Here is a 2 week charcoal drawing, 22x30, that was done for Jan Baltzell's Thursday morning drawing class. The pose was quite a challenge; she requested that the model alternate sitting on two chairs on opposite sides of the table, every 10 minutes. So the model's right arm is shown twice in my drawing. We did this type of one model/alternating pose the first 2 weeks as well. This exercise really helps to hone our sense of spacial relationships, the way we deal with memory, and deciding what is necessary for the completion or success of a drawing. Jan Baltzell is an excellent professor who encourages and helps us to explore what we are most interested in terms of drawing or what makes us tick, whether that be an interest in line, atmosphere, texture, etc. She emphasizes what she calls "passages" within our drawings, pushing us to create pockets and inlets and outlets through which the eye can travel.

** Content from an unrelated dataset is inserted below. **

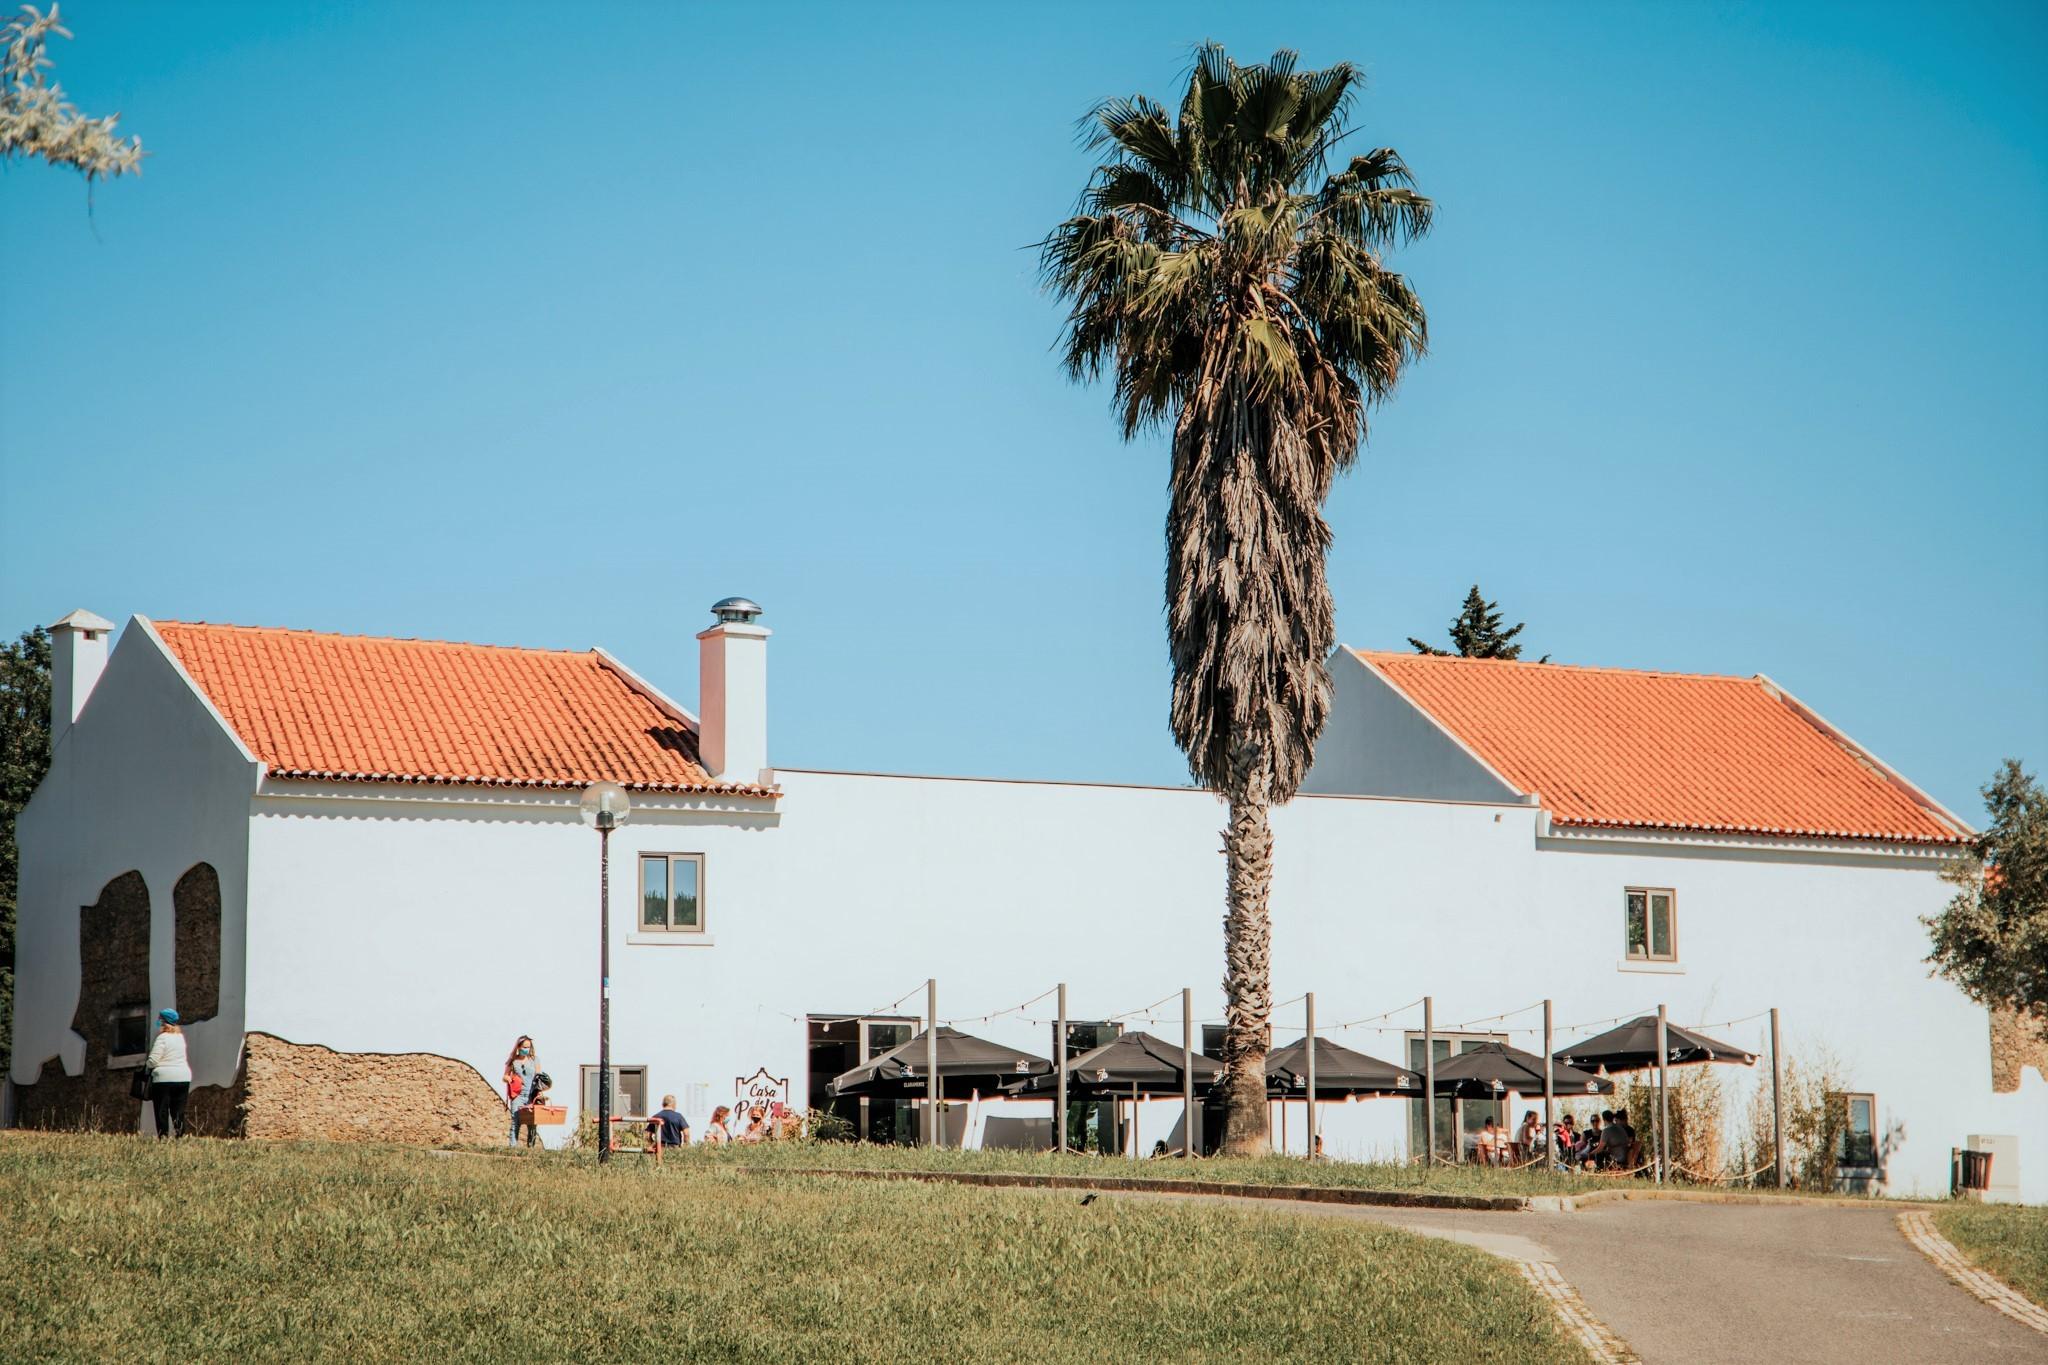 O restaurante Casa de Pedra, no Parque da Bela Vista, em Lisboa

Next week she is taking the whole class to Philly's famous Reading Terminal Market (famous for its Amish pies and donuts, cheesesteaks, produce, and everything else you could ever want to eat) to do some sketching, I suppose for a larger drawing. It's going to be something else to try to pin down a composition in all of that commotion. Perhaps I'll go for Duchamp's futurist Nude Descending the Staircase approach and attempt to depict all of the hustle and bustle at once.

The above charcoal was done on Rives BFK paper, which is pure heaven. During my year at the Maryland Institute College of Art, it was the only paper I would work on. It holds the charcoal like no other and feels like velvet to the touch. I've come back to working on it now, because even at 5 or 6 dollars a sheet, Rives makes all the difference.

2 comments:

  Lora

February 10, 2009 at 4:08 PM

Hi Tina,

I was admiring your drawing and noticed how neat that composition is. It is great the way the right arm of your figure moves the viewer’s eye up to the shoulder, which then connects with the bottle. Then your eye is moved across the center of the page to the other figure's hand (which is resting on the book). Next, you notice the cloth dangling down. Finally, the circular table spins your eye back to the right arm to do it all over again.

Great job! This is something that I have been trying to accomplish in my own drawings, but am still struggling with keeping the viewers eye engaged.

  Mike Manley

February 11, 2009 at 8:16 PM

Very interesting crop, you are the cropper!

I always feel like I'm cheating when I crop.